▸ **EXERCISE**
In the data below, find the line containing "Shaheen Afridi is", then set down that line and every later line up to and including the line containing "A debate is", exactly.

▸ **DATA SUPPLIED**
Content starts
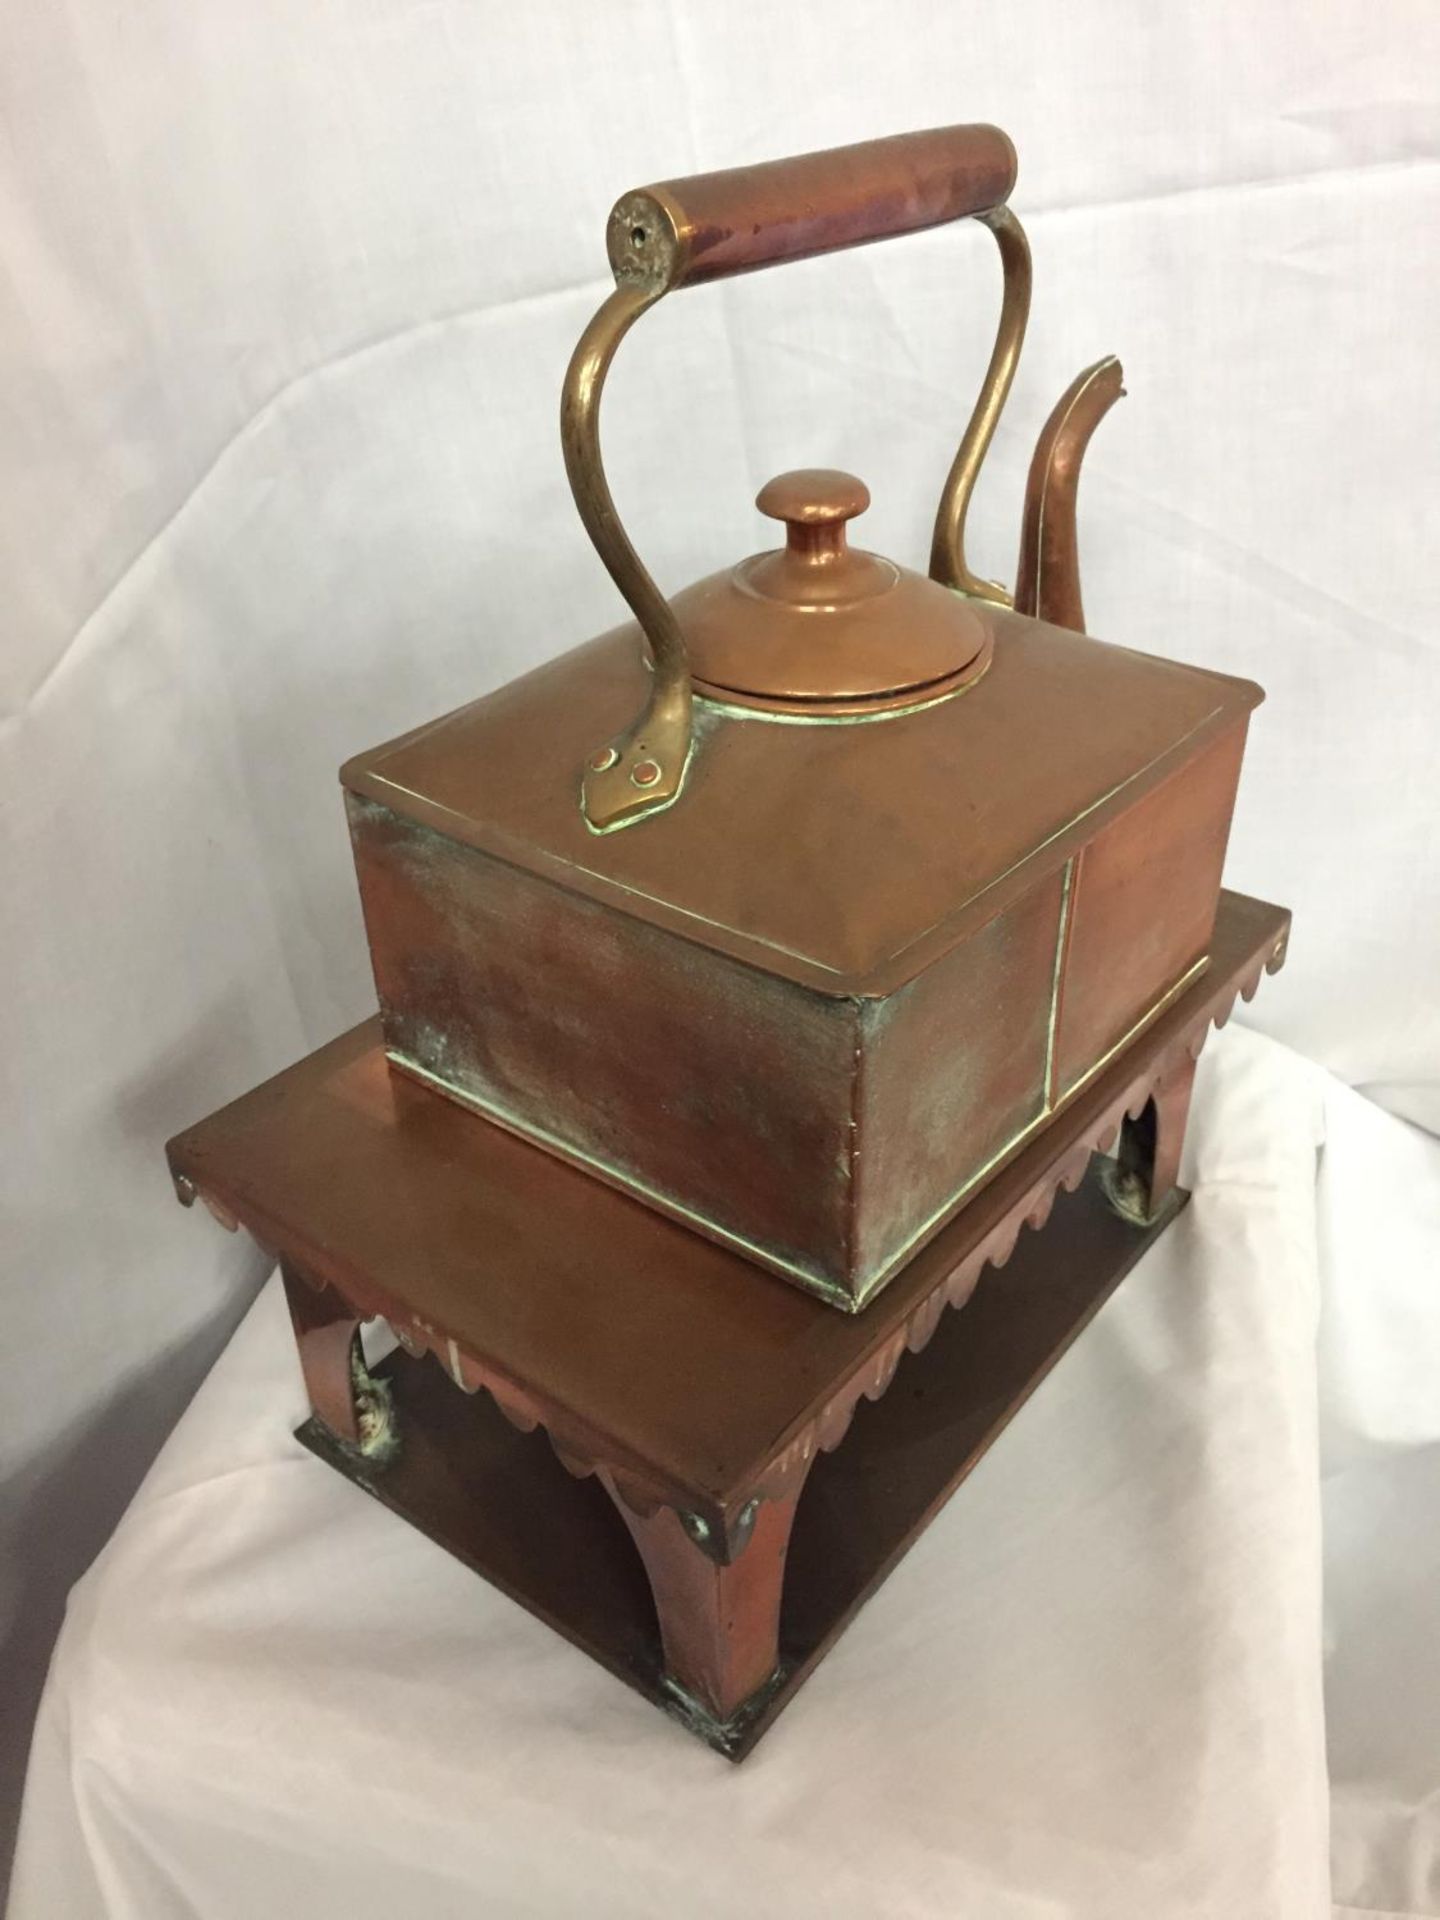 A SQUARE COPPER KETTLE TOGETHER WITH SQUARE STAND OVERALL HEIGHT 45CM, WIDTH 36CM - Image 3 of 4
Content ends
Content starts
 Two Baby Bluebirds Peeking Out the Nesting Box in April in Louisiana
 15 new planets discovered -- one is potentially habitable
Content ends
Content starts
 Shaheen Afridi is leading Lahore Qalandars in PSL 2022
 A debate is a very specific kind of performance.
Content ends
▸ **YOUR RESPONSE**
 Shaheen Afridi is leading Lahore Qalandars in PSL 2022
 A debate is a very specific kind of performance.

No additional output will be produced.